* **What you are asked to do**:
For each line below that includes the word "Black", make a copy.

* **Dataset records**:
########

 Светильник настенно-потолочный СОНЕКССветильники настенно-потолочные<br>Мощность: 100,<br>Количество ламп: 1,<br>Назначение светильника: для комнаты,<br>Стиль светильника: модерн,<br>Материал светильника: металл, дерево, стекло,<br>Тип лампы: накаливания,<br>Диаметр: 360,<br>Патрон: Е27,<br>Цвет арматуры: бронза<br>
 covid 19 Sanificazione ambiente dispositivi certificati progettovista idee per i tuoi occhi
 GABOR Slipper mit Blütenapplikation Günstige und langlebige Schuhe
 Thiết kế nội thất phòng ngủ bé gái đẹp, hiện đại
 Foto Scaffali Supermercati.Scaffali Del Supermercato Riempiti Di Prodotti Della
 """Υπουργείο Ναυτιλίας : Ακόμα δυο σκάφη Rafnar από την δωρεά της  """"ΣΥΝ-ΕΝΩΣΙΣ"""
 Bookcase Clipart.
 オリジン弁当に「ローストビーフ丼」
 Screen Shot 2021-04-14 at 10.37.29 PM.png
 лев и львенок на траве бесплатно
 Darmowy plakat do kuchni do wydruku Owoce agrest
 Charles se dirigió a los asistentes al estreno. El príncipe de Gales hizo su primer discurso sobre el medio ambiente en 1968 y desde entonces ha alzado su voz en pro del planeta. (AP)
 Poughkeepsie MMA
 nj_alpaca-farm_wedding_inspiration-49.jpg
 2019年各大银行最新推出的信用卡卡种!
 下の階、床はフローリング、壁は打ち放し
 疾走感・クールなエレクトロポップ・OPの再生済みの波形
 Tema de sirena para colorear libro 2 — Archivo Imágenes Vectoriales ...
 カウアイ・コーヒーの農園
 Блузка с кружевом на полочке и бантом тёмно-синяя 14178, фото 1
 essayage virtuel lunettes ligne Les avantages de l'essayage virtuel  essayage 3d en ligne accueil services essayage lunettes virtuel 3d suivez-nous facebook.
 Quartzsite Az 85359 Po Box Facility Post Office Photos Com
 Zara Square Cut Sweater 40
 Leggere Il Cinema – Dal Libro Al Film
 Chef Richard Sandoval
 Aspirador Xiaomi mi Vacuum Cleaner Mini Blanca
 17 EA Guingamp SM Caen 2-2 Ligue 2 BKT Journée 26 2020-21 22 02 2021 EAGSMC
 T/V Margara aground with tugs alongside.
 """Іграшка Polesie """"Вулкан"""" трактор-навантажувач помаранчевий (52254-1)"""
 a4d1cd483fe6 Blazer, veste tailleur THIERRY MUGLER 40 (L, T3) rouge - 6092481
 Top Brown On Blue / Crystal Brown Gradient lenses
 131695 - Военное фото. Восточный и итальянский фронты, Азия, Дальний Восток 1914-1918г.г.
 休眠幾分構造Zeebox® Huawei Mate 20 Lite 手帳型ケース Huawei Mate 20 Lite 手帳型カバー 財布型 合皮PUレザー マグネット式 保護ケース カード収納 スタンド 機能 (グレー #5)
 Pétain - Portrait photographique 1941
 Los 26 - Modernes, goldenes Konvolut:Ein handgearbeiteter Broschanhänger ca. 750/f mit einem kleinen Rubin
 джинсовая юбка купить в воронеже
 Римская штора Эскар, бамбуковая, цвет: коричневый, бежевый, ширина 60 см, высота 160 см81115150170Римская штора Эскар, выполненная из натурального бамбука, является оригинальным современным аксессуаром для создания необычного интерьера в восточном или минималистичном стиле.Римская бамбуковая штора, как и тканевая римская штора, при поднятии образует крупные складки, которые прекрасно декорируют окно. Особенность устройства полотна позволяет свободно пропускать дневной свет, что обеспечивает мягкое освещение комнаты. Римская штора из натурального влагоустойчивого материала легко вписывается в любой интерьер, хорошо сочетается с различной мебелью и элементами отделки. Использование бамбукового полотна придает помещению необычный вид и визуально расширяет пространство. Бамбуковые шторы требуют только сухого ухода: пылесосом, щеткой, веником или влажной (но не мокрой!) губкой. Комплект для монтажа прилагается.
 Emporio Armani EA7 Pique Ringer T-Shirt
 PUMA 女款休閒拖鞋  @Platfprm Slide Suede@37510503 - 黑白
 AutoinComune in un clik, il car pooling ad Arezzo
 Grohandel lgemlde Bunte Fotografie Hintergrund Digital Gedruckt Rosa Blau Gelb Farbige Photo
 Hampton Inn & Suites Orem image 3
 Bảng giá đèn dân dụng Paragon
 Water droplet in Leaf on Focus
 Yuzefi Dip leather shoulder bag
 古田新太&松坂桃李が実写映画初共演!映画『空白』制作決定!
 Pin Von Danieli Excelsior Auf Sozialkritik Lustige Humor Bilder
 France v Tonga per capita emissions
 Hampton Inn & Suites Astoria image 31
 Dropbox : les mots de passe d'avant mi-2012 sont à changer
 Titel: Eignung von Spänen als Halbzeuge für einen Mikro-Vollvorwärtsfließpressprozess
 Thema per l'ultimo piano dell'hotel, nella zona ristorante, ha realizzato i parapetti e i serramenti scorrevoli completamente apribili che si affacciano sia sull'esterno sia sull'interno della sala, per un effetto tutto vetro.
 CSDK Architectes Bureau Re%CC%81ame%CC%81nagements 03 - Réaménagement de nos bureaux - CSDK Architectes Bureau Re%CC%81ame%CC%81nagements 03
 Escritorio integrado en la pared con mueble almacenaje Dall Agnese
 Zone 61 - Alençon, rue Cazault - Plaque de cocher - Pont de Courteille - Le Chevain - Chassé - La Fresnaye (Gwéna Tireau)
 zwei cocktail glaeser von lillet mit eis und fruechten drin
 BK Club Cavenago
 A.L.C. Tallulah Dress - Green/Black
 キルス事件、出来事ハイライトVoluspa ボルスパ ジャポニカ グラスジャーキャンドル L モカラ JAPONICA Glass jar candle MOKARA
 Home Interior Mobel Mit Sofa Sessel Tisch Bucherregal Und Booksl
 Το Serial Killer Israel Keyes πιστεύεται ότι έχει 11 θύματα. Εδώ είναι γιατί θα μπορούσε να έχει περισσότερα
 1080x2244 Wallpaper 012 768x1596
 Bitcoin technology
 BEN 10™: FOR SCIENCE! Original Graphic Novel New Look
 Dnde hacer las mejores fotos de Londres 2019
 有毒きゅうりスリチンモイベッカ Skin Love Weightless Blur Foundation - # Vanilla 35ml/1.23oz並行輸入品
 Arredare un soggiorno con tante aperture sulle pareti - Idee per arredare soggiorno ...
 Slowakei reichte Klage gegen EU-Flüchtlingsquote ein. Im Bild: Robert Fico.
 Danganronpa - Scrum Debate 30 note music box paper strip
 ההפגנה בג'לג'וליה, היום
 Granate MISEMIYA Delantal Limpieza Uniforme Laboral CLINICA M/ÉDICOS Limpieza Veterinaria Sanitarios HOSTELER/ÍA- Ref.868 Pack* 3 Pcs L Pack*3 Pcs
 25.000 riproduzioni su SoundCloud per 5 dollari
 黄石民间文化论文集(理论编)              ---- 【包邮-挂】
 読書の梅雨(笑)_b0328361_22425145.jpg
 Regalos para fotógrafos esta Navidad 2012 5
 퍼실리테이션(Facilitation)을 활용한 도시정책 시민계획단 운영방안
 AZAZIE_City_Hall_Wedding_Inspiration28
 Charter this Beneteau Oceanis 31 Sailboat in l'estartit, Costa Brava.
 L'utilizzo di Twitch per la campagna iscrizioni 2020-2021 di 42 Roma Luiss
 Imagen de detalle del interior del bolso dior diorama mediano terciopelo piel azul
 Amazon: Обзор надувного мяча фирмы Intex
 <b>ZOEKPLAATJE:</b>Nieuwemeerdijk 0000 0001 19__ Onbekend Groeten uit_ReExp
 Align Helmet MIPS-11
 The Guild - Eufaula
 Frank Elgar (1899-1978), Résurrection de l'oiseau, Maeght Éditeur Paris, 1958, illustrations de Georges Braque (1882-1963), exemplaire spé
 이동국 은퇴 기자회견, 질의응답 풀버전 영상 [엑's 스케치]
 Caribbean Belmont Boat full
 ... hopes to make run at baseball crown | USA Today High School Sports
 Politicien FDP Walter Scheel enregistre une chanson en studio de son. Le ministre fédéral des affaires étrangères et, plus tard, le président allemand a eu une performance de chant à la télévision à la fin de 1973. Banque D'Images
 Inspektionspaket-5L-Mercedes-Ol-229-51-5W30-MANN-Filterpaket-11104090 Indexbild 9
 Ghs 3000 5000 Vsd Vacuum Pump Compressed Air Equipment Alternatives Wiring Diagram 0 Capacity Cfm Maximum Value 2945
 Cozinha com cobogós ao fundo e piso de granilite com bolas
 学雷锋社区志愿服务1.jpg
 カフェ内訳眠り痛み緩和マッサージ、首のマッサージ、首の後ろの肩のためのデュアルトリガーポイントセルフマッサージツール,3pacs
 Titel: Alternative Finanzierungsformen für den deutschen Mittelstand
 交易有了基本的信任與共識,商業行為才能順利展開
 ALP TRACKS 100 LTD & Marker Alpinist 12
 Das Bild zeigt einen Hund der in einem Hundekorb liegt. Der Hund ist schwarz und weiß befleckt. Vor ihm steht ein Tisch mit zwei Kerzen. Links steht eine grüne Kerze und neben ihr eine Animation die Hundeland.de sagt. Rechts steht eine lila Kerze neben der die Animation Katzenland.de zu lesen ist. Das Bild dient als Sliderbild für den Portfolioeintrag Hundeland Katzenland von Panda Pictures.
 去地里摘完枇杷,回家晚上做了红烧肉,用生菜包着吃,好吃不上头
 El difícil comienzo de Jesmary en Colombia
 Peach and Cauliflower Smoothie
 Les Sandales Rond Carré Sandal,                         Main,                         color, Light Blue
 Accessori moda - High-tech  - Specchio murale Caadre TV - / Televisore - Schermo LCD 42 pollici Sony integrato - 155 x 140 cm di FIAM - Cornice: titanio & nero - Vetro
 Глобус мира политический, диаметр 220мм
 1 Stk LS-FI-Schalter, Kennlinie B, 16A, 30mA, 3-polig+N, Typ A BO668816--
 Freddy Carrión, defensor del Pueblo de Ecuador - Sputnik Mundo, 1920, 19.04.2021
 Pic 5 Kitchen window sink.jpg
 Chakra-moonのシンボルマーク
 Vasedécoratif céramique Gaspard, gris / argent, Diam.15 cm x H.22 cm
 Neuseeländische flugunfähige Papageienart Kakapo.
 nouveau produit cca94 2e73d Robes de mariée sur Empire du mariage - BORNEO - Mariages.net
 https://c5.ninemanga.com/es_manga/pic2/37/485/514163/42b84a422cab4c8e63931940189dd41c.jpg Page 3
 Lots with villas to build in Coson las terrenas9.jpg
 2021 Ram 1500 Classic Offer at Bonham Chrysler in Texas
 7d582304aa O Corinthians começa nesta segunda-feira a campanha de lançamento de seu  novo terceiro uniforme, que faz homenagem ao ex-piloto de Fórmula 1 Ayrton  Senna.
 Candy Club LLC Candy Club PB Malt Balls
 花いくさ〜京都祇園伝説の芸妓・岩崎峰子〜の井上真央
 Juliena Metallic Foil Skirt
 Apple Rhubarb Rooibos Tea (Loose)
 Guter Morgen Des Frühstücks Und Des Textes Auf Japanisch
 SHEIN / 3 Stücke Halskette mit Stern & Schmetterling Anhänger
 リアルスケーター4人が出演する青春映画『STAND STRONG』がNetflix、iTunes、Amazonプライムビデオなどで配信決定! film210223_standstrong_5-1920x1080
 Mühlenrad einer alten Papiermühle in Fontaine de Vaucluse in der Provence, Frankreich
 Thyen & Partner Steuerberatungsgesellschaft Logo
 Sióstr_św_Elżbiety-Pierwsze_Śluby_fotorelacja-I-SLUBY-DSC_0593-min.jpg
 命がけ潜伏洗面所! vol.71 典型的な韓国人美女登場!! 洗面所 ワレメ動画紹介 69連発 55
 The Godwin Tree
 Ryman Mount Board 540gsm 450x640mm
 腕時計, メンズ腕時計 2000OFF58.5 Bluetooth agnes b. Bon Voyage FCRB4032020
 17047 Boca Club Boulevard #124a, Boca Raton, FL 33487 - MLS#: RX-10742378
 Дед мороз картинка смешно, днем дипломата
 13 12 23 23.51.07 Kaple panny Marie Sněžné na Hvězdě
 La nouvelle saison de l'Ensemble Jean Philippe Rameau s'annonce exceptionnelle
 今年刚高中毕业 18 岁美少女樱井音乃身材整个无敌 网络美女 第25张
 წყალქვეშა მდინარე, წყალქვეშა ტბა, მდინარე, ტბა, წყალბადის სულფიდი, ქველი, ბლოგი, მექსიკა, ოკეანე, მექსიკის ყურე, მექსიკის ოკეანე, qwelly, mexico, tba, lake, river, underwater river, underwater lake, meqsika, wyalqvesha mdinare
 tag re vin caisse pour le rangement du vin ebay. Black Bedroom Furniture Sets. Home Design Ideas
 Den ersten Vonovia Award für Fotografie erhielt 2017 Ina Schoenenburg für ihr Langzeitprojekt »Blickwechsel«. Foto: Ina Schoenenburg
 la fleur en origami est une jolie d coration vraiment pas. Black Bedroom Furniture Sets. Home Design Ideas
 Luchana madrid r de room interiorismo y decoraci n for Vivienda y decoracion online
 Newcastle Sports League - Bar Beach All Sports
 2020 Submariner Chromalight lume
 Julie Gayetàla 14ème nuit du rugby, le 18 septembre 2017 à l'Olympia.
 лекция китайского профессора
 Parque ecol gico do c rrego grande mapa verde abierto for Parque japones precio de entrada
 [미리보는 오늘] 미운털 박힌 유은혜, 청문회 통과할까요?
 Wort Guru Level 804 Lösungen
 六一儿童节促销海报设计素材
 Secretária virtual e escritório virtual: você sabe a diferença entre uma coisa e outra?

########

* **Expected answer**:
 A.L.C. Tallulah Dress - Green/Black
 tag re vin caisse pour le rangement du vin ebay. Black Bedroom Furniture Sets. Home Design Ideas
 la fleur en origami est une jolie d coration vraiment pas. Black Bedroom Furniture Sets. Home Design Ideas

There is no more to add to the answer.